Data:

============================================================

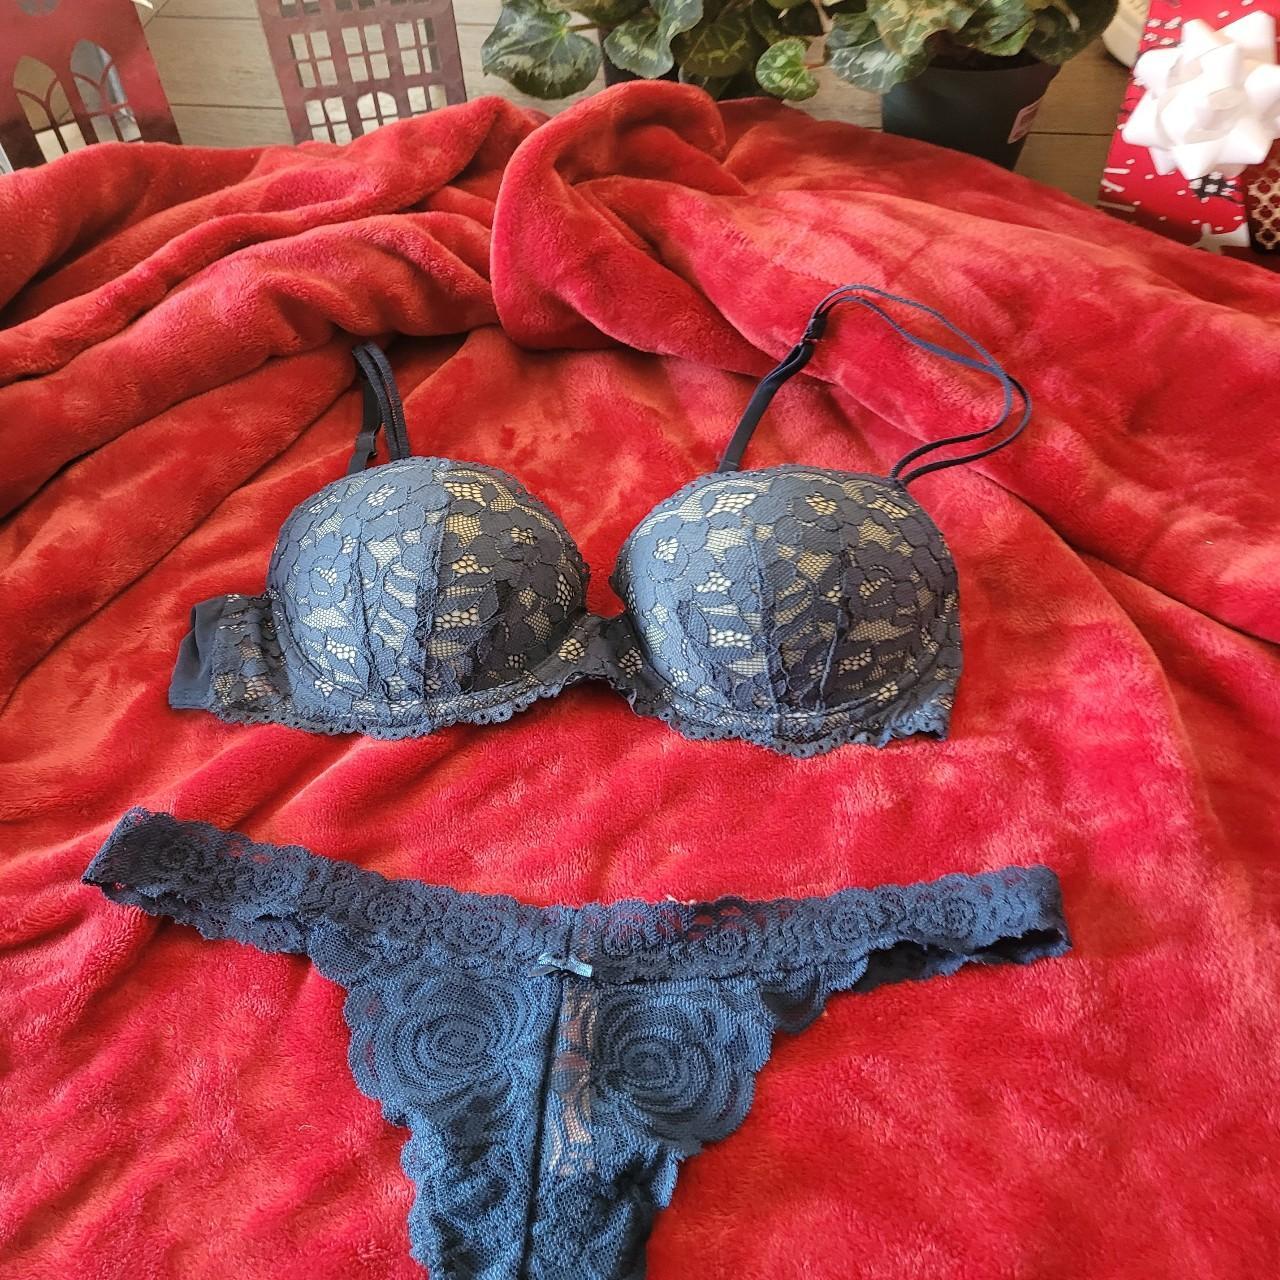 blue lace Victoria's Secret set 34b, s/m - Depop
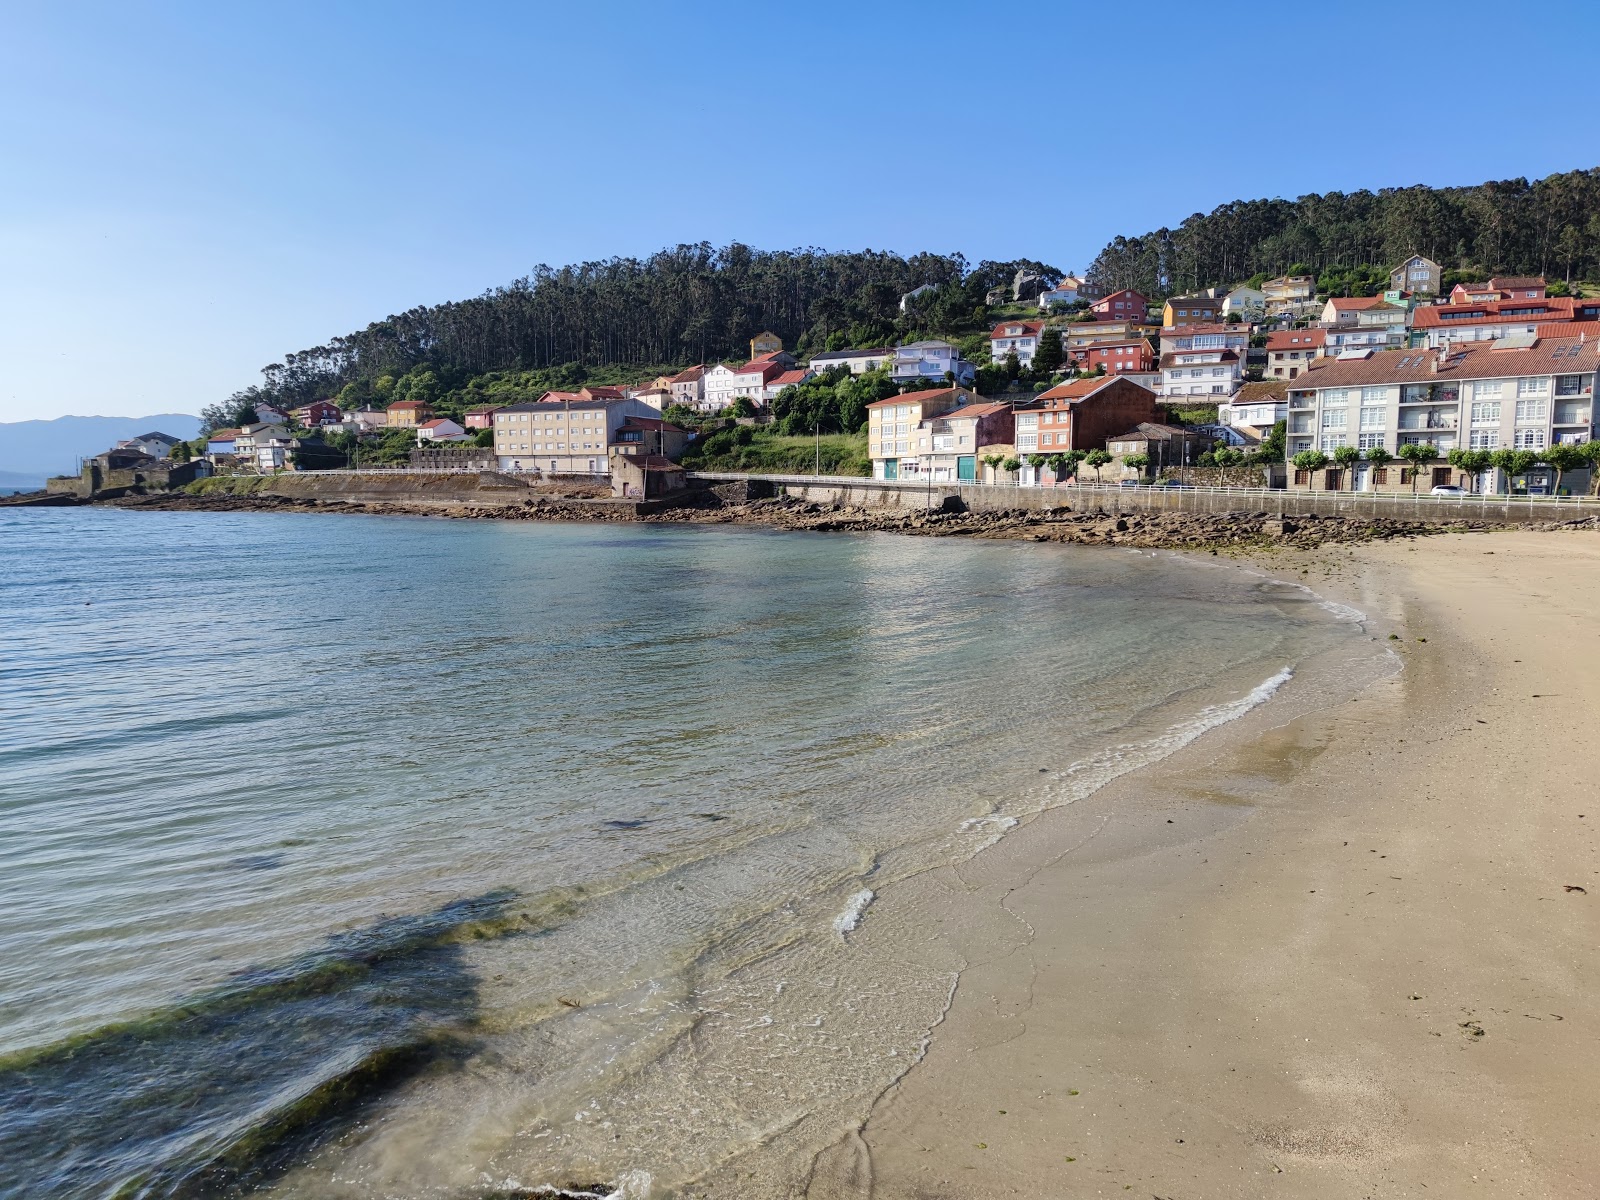 Fotografie cu Praia do Castelo cu o suprafață de apa pură turcoaz
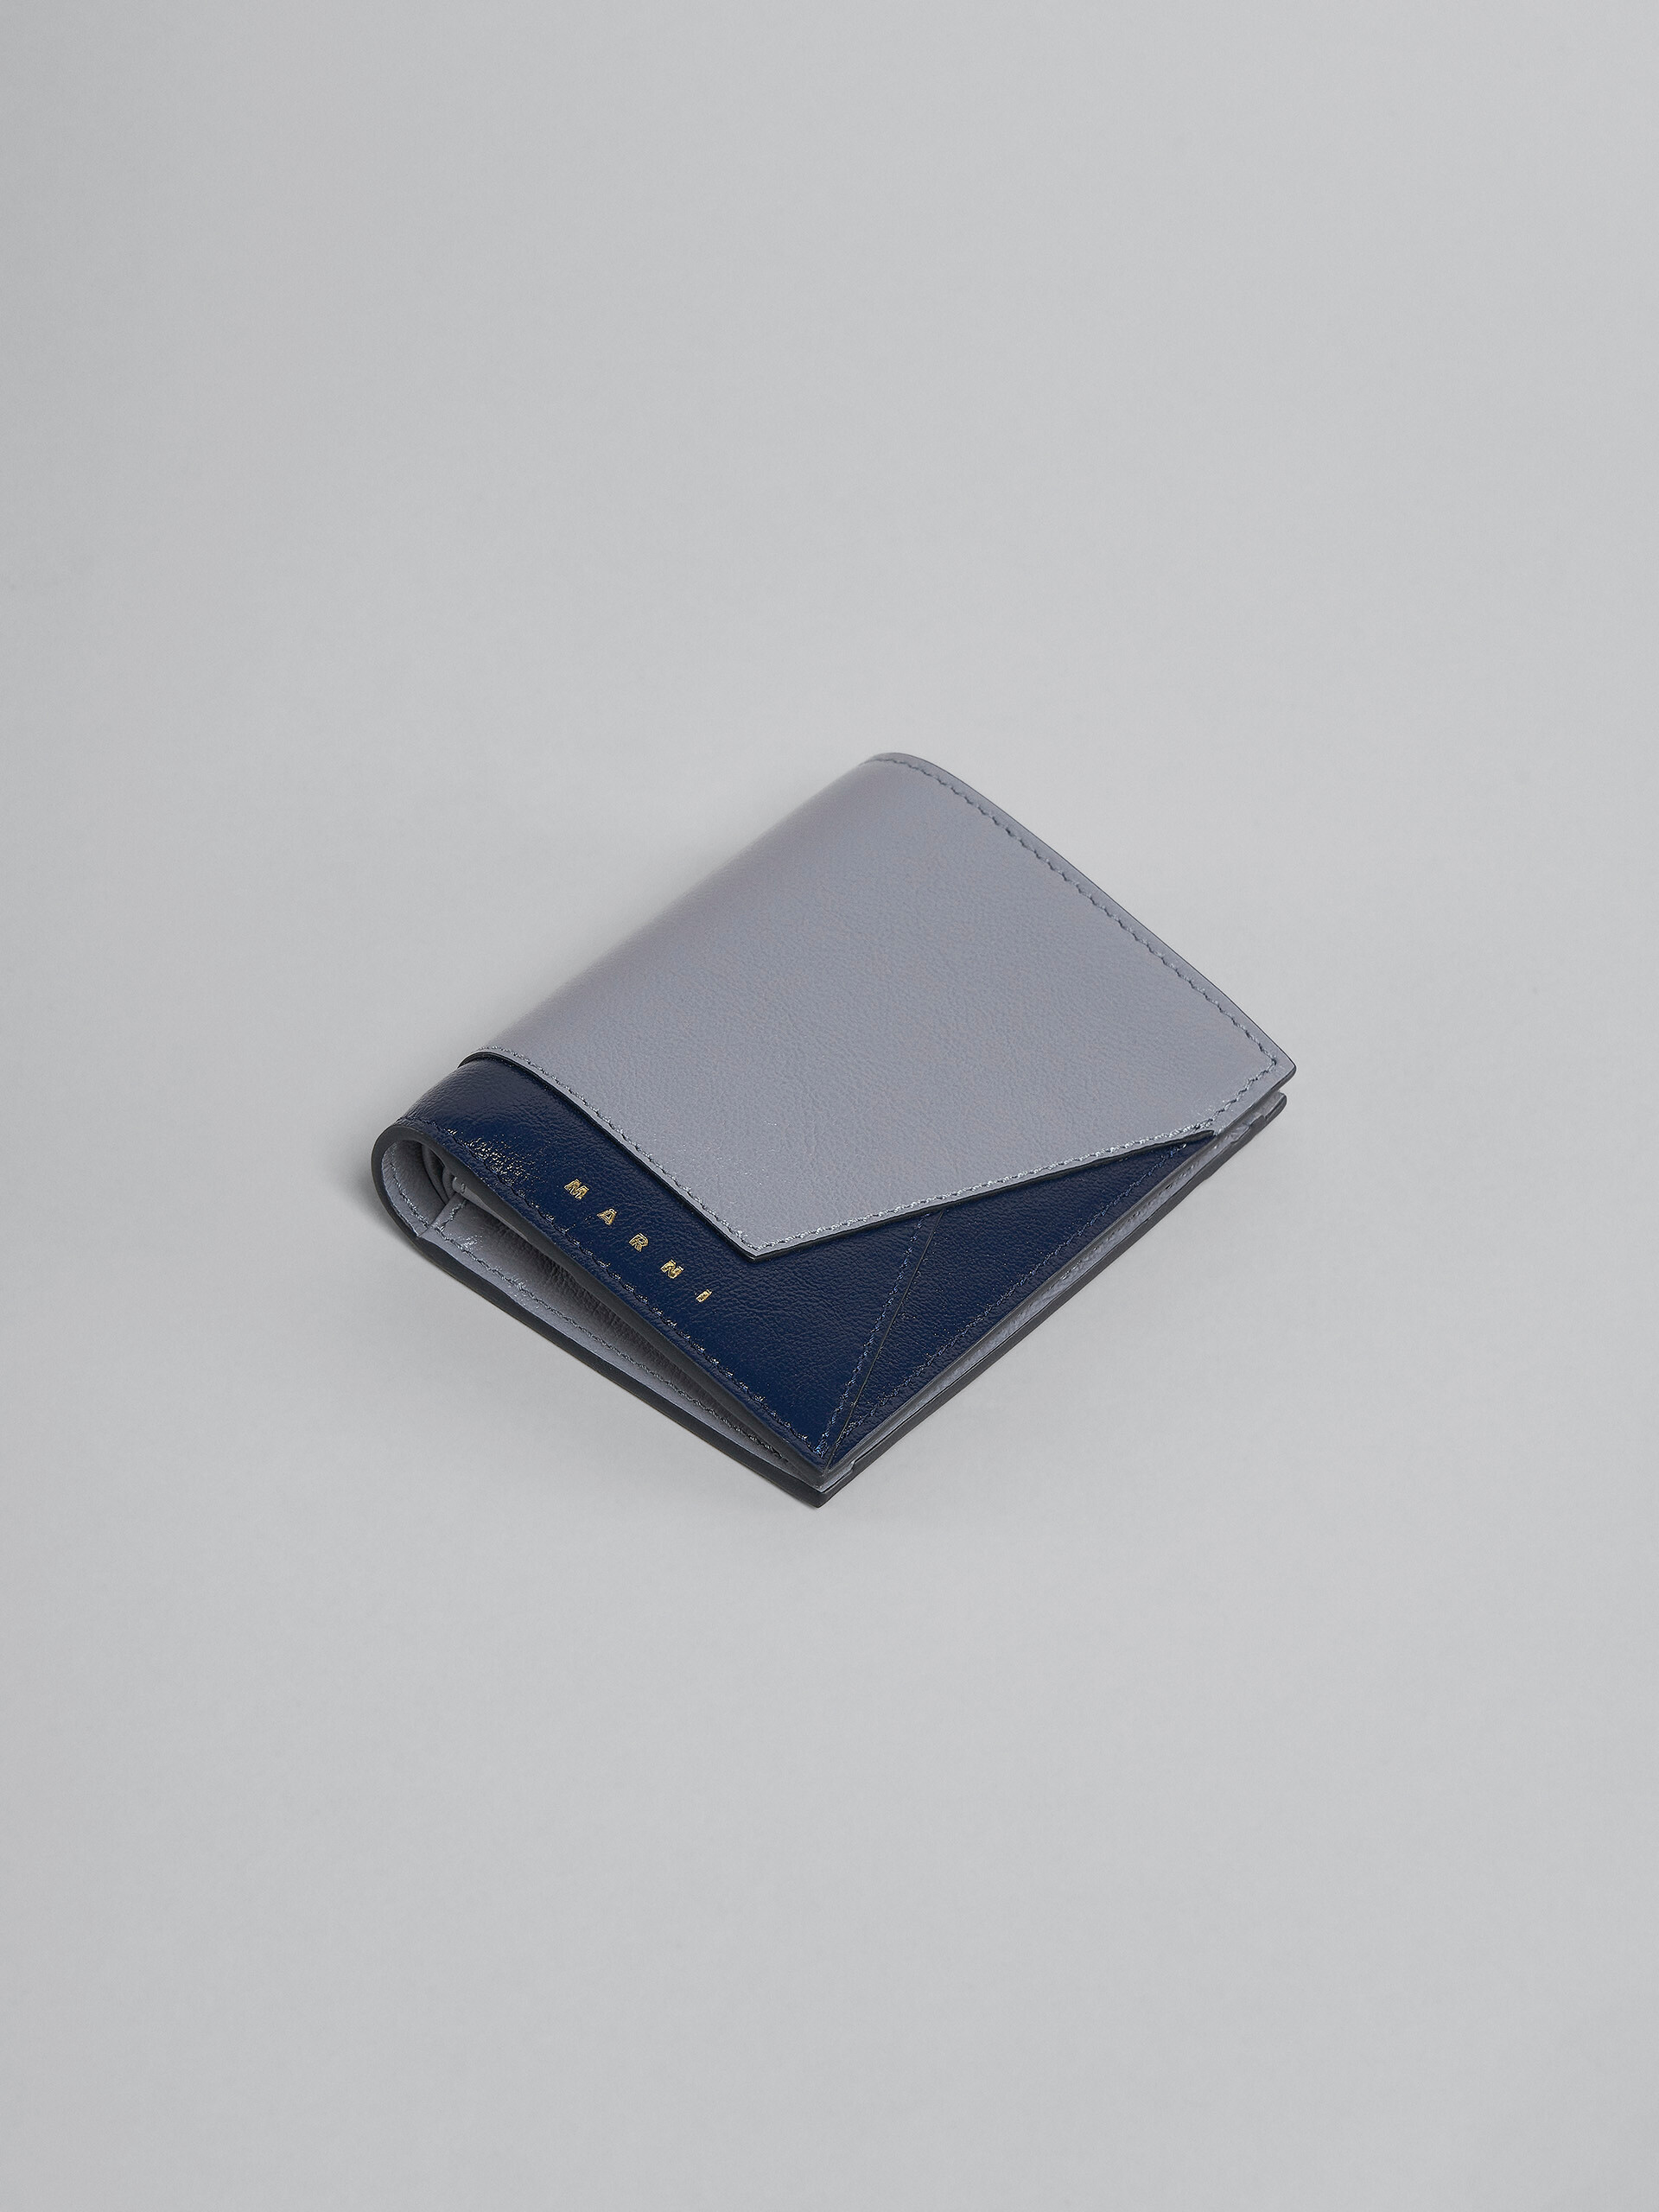 Zweifache Faltbrieftasche aus Leder in Grau und Blau - Brieftaschen - Image 5

============================================================

The problem:
Transcribe the whole listing, character for character, but not its images.

Worked solution:
 blue lace Victoria's Secret set 34b, s/m - Depop
 Fotografie cu Praia do Castelo cu o suprafață de apa pură turcoaz
 Zweifache Faltbrieftasche aus Leder in Grau und Blau - Brieftaschen - Image 5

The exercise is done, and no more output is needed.